Zwar war Nielsen der Formel 1 in der Zwischenzeit nicht abgängig, allerdings arbeitete er in den vergangenen Jahren nicht für ein spezielles Team, sondern im Management der Formel 1 selbst, sowohl für den Automobil-Weltverband FIA als auch für Rechteinhaber Liberty Media.
Nielsen räumt ein: "Es gibt viel zu lernen"
Ein großer Teil seiner Arbeit bestehe nun darin, sich "wieder einzuarbeiten und zu verstehen, was sich in einem Rennteam in den letzten acht Jahren alles verändert hat", betont Nielsen, der auch schon für Lotus und Tyrrell gearbeitet hat. "Es gibt eine Menge Neuerungen."
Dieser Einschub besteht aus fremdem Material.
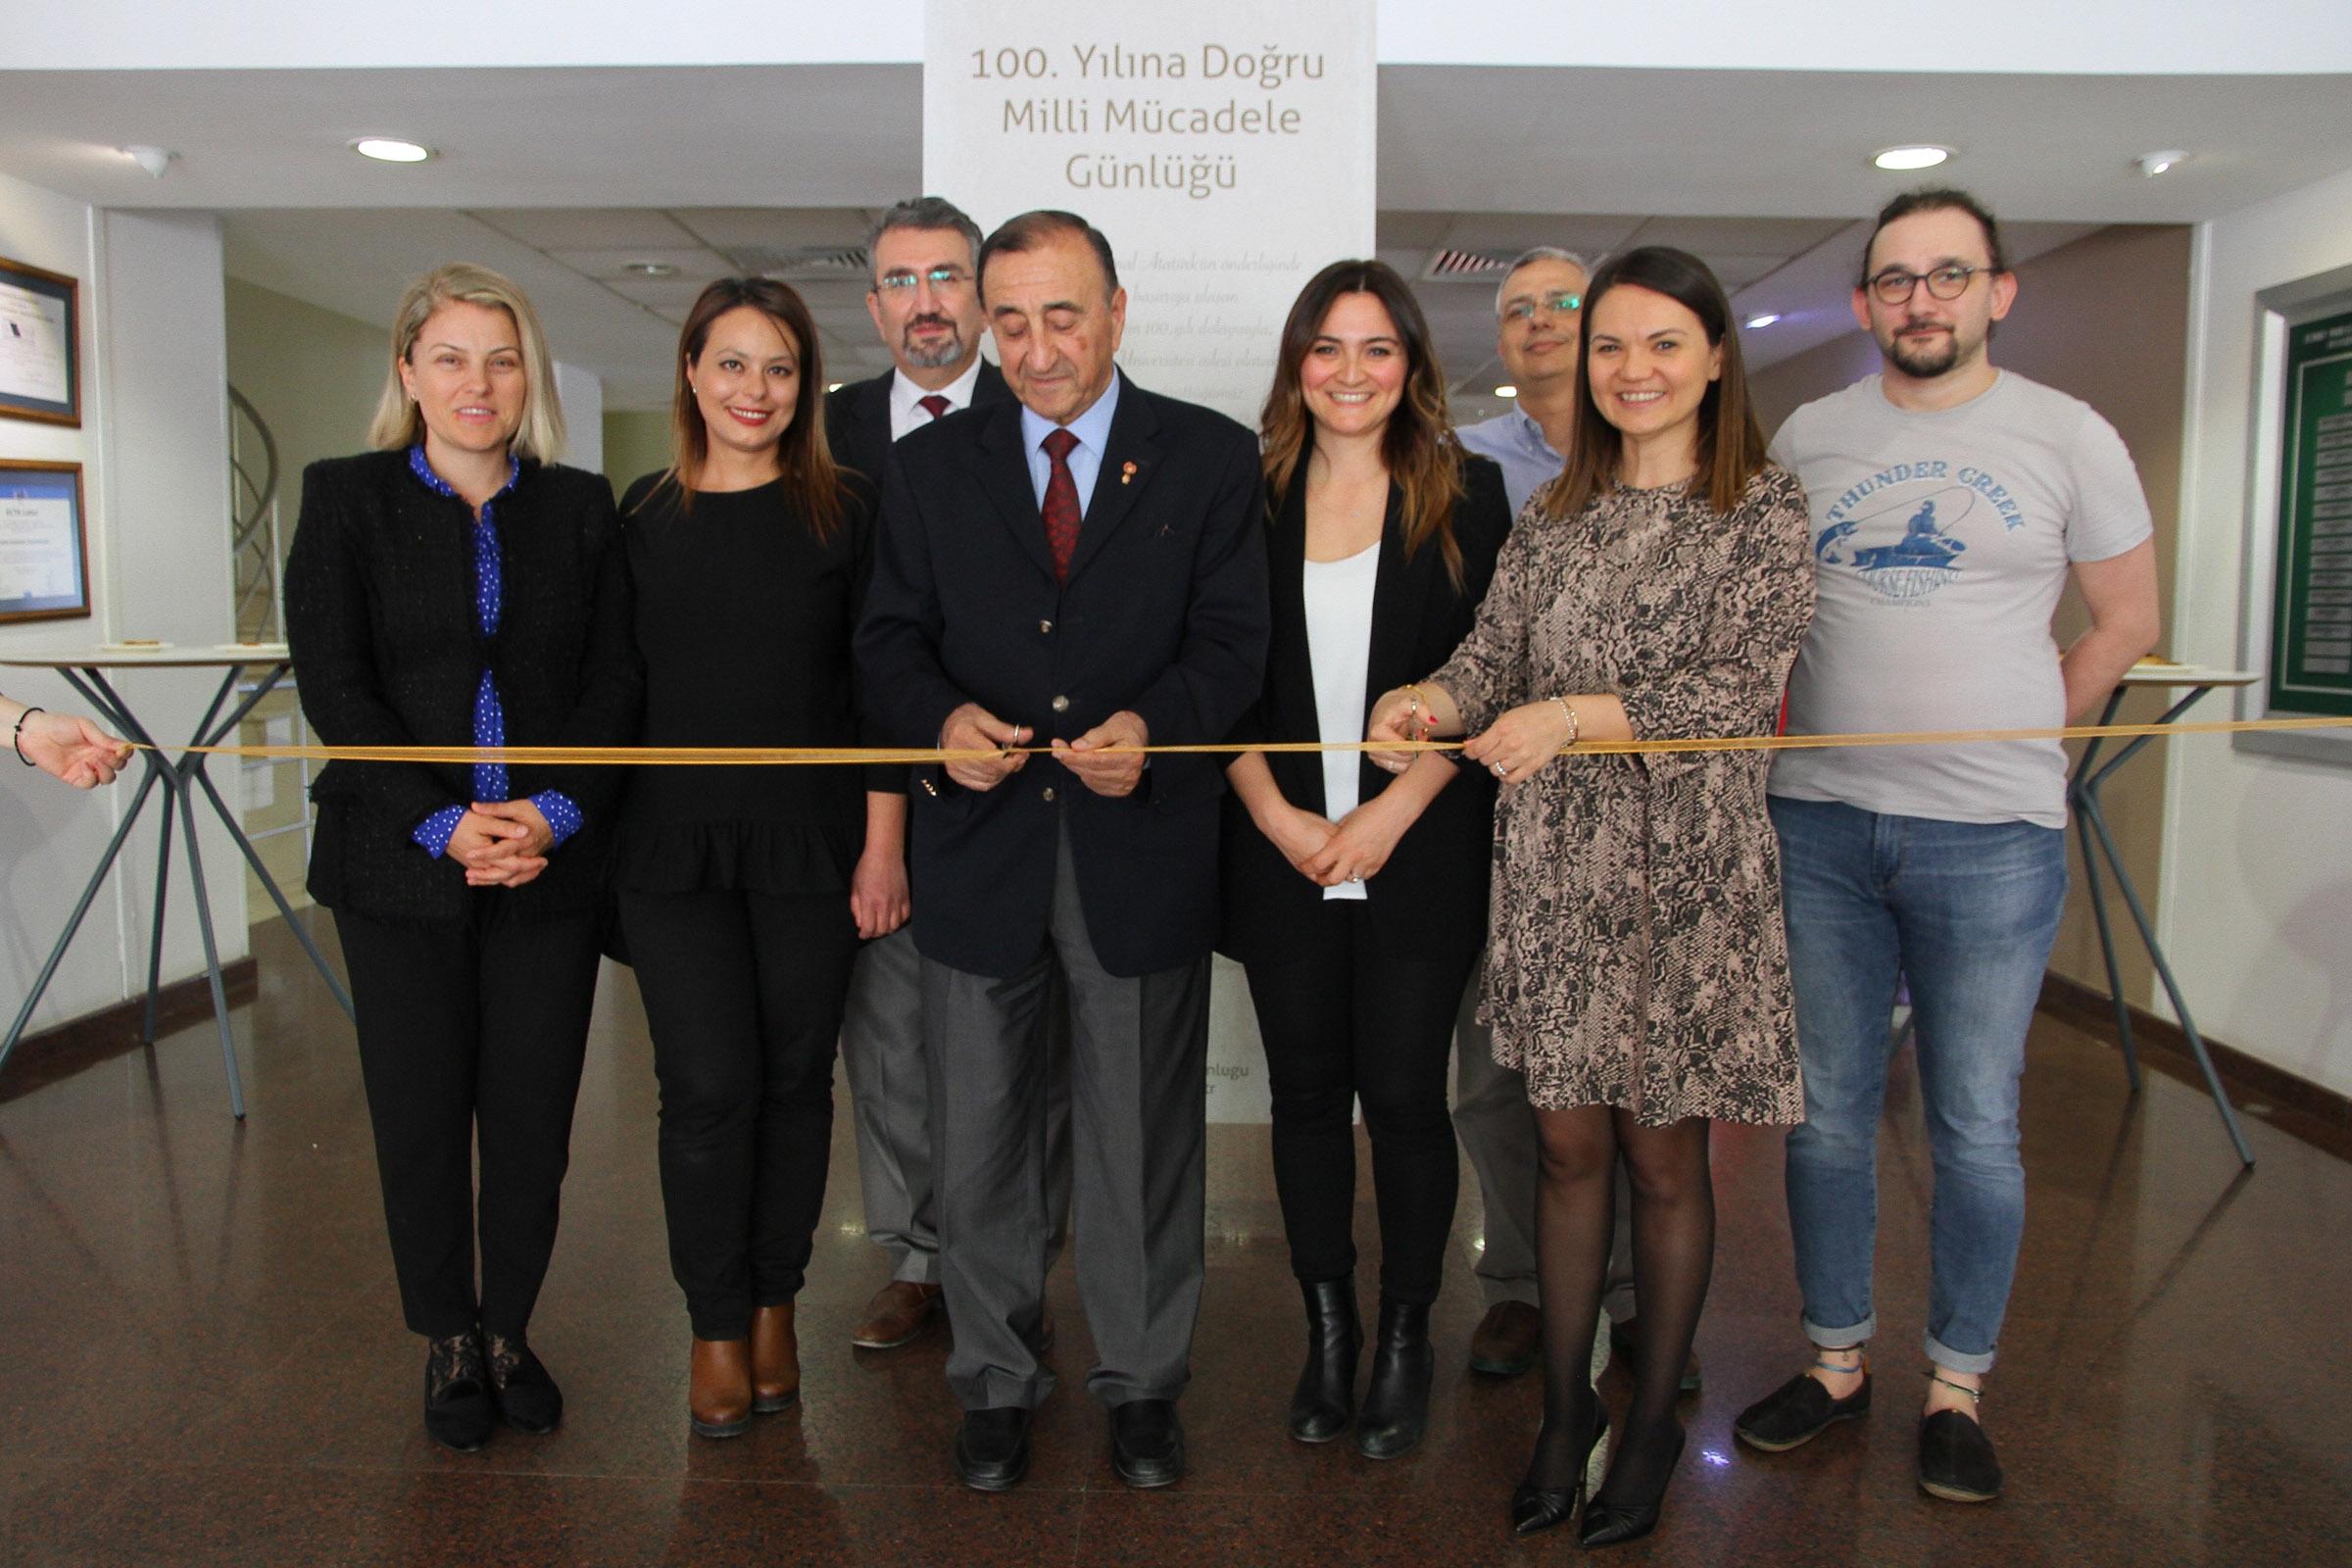 Milli Mücadele'nin 100. yılı İzmir Ekonomi'de anılıyor

Dazu gehört vor allem die Budgetobergrenze, auch Budget-Cap genannt, die im Jahr 2021 von der FIA beschlossen wurde. "Für mich ist das besonders interessant, weil ich bei den ersten Diskussionen auf der anderen Seite involviert war", grinst der 61-jährige Brite. "Jetzt auf der 'empfangenden' Seite zu sein, ist eine völlig neue Erfahrung. Es gibt also viel zu lernen, auch für mich selbst."
Der erste Eindruck nach wenigen Wochen ist positiv: "Enstone ist ein großartiger Ort mit viel Talent", sagt Nielsen. Aber "momentan spiegelt das, was wir auf der Strecke zeigen, allerdings weder die Fähigkeiten der Leute noch die Qualität der Einrichtungen wider. Unsere Aufgabe ist es, das zu ändern."
Flavi Briatore hat "gewisse Baustelle hinterlassen"
Das stellt allerdings eine erhebliche Herausforderung dar, denn Briatore habe "eine gewisse Baustelle hinterlassen", meint Experte Ralf Schumacher bei Sky. Obwohl das Team unter der Leitung des Italieners zunächst auf einem vielversprechenden Kurs gewesen sei, "entgleite ihm das Ganze nun ein bisschen".
"Auch das Hickhack mit den Fahrern", erinnert Schumacher an die offene Fahrerdiskussion. "Irgendwie glaube ich, dass [Briatore] mittlerweile einen Führungsstil hat, der vielleicht nicht mehr ganz up-to-date ist. Deshalb hoffe ich, dass [Nielsen] wirklich der neue starke Mann ist, der von hier aus übernehmen kann."